The randomized double-blind placebo-controlled study with Rhucin was conducted at several sites in the US and Canada. On having an acute hereditary angioedema (HAE) attack, 39 patients were randomized to one of two doses of Rhucin (100U/kg, 50U/kg) or placebo.
For the primary endpoint, the intent-to-treat analysis demonstrates that patients who received the 100U/kg dose of Rhucin reported median first symptom relief at approximately 68 minutes, those that received the 50U/kg dose reported relief at approximately 100 minutes, and those that received placebo reported symptom relief at approximately 258 minutes.
The time to minimal clinical symptoms, the secondary endpoint, was reported by patients in the 100U/kg, 50U/kg, placebo groups as approximately 245, 247, and 1098 minutes, respectively.

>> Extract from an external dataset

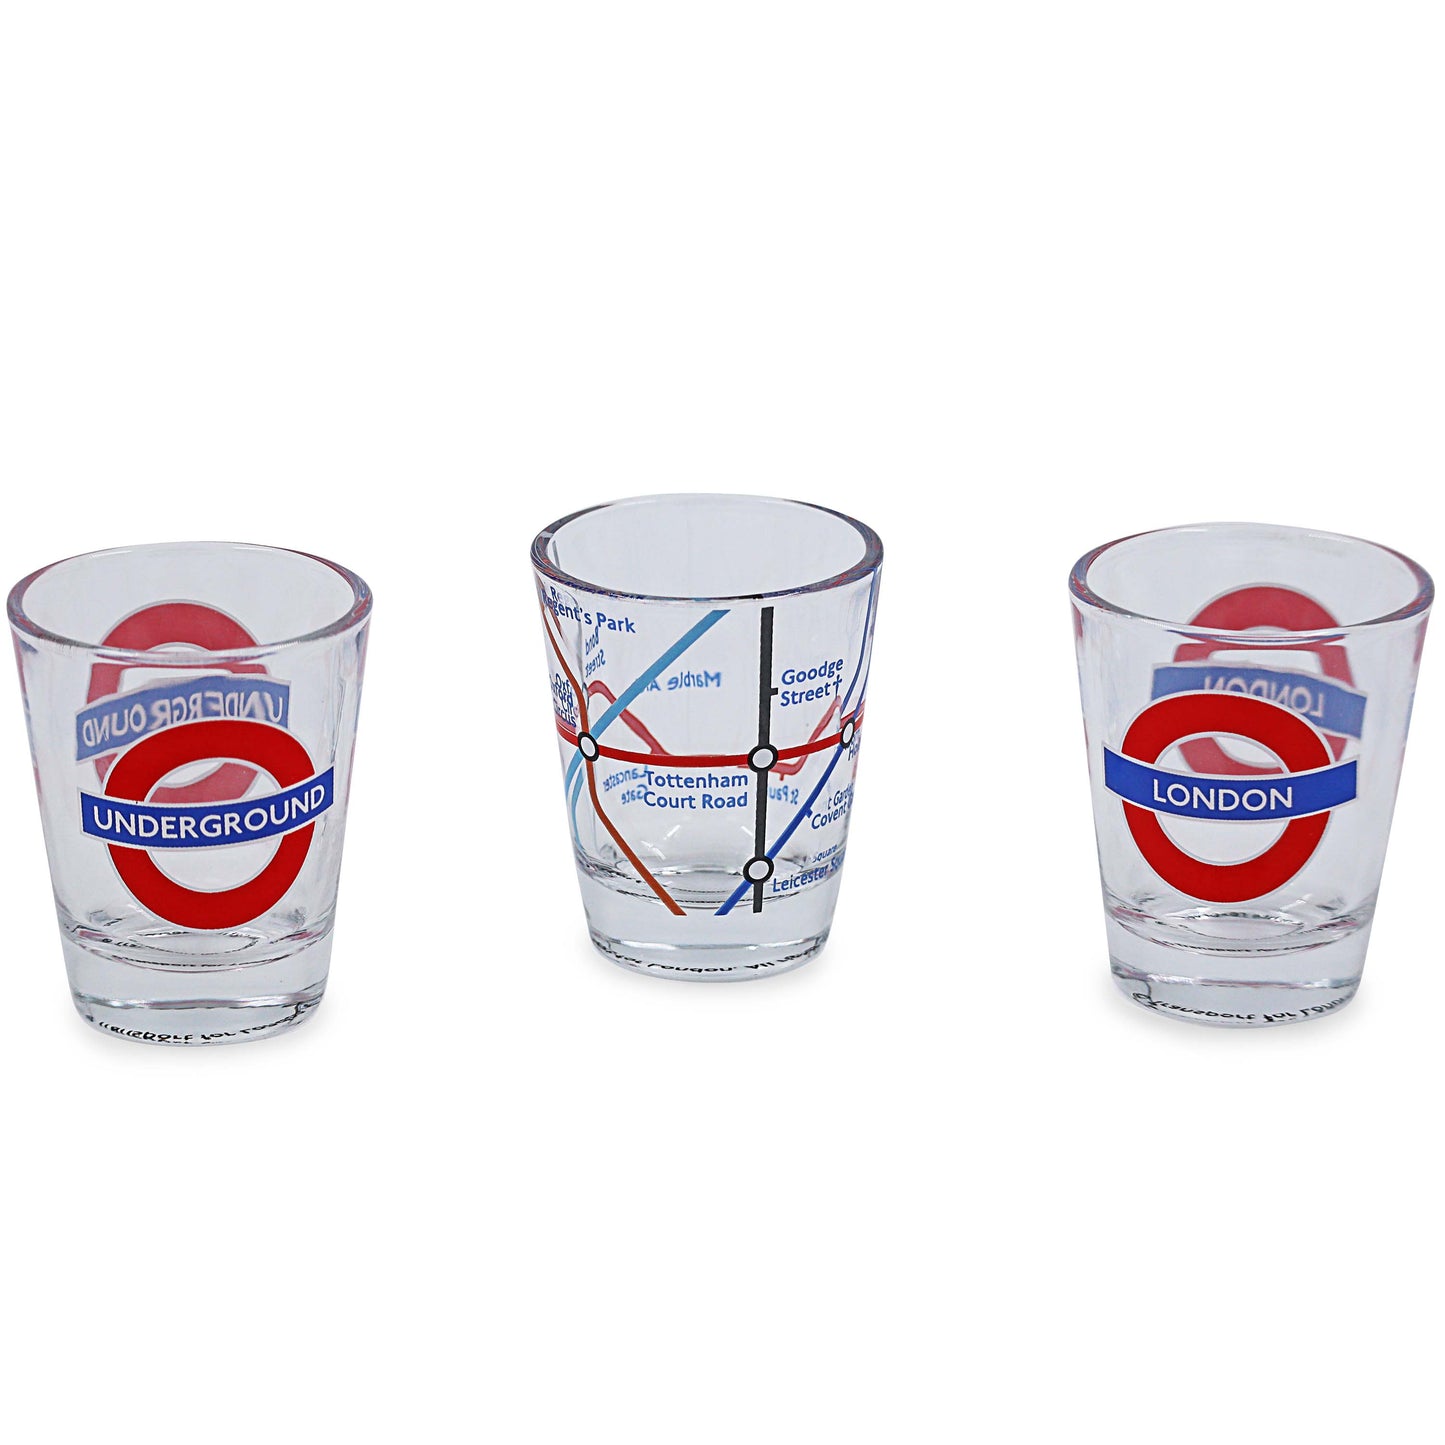 London Underground TfL shot glass gift

The primary and secondary endpoint results with both doses of Rhucin were clinically meaningful and statistically significant relative to placebo with p-values < 0.01. There was no statistically significant difference observed between patients treated with 100U/kg or 50U/kg dose of Rhucin. Based on these results, Pharming intends to file regulatory submissions for Rhucin in several early launch markets in the second half of 2008 and will meet with European Medicenes Agency and FDA to accelerate regulatory filings in Europe and the US.